May Sandford saß an diesem Abend allein in ihrem Zimmer und las. Als ihr Vater sich von ihr verabschiedet hatte, um an dem Essen eines Aufsichtsrats teilzunehmen, war sie mit der Lektüre eines Buches beschäftigt gewesen, aber nun lag es unbeachtet neben ihr.

Am Nachmittag hatte sie einen dringenden Brief von Oberst Black erhalten, der sie bat, ihn ›in einer äußerst wichtigen Angelegenheit‹ aufzusuchen. Es betreffe ihren Vater und sei ganz geheim. May war bestürzt und verwirrt. Die Dringlichkeit und Heimlichkeit der Nachricht quälte sie unsäglich.

Zum zwanzigsten Male hatte sie ihr Buch wieder aufgenommen, als es plötzlich an die Tür klopfte. Rasch verbarg sie den Brief, der auf dem Tisch lag.

»Ein Mann möchte Sie gern sprechen«, sagte das Mädchen, das auf ihr »Herein!« eingetreten war.

»Wer ist es denn?«

»Ein ganz gewöhnlicher Mann.«

May zögerte. Zum Glück war der Butler nicht ausgegangen; sonst hätte sie den Besucher kaum empfangen.

»Führen Sie ihn in das Arbeitszimmer meines Vaters und sagen Sie Thomas, daß ein fremder Mann im Hause ist. Er soll sich bereithalten, falls ich nach ihm klingle.«

Sie hatte den Fremden noch nie gesehen, der sich bei ihrem Eintritt erhob. Instinktiv mißtraute sie ihm, als sie seine Gesichtszüge sah, obwohl etwas in seinem Wesen lag, das ihr Vertrauen einflößte. Er sah bleich und eingefallen aus, dunkle Schatten umgaben seine Augen, und seine Hände zitterten.

»Jakobs – Willie Jakobs. Es tut mir leid, daß ich Sie störe, Miss, aber ich habe Ihnen etwas Wichtiges mitzuteilen.«

»Es ist aber schon sehr spät – was wünschen Sie denn?«

Er drehte seinen Hut verlegen in den Händen und sah auf das wartende Dienstmädchen.

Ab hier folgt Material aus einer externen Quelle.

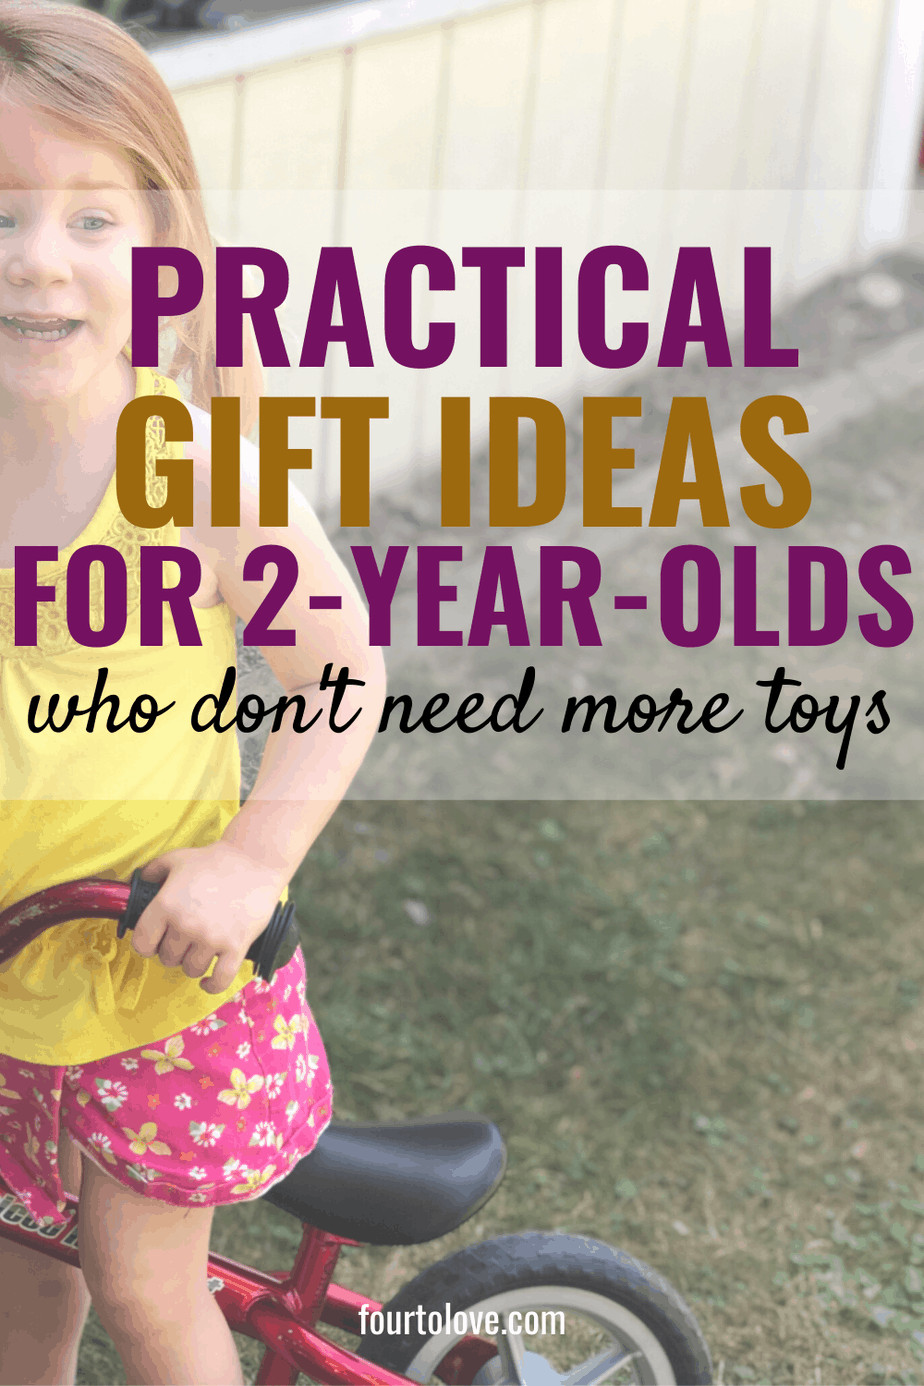 Gift Ideas For 2 Year Old Girls
 30 Practical Gifts for Two Year Olds that Parents will

Auf einen Wink Mays verließ es das Zimmer.

»Es ist wirklich wichtig für Sie«, begann der Mann wieder. »Black – er hat mich sehr schlecht behandelt.«

Einen Augenblick lang kam ihr ein merkwürdiger Verdacht in den Sinn. Hatte Frank Fellowe diesen Mann hierhergeschickt, um ihr Vertrauen zu Black zu erschüttern? Ein Gefühl des Unwillens gegen den Besucher und seinen vermeintlichen Auftraggeber überkam sie.

»Sie können sich die Mühe sparen«, erwiderte sie kühl. »Gehen Sie zu dem Herrn zurück, der Sie geschickt hat.«

»Mich hat niemand geschickt, Miss«, entgegnete er eifrig. »Ich komme ganz aus eigenem Entschluß. Ich sage Ihnen, man hat mich schlecht behandelt. Jahrelang habe ich wegen Black den Mund gehalten, und nun hat er mich elend im Stich gelassen. Ich bin krank, das können Sie ja selbst sehen.« Er streckte verzweifelt die Arme aus. »Ich bin beinahe verhungert, und man hat mir nicht einen Bissen Brot gegeben. Heute bin ich zu Black gegangen, aber er hat mich nicht einmal empfangen.«

Er wimmerte beinahe in seiner hilflosen Wut.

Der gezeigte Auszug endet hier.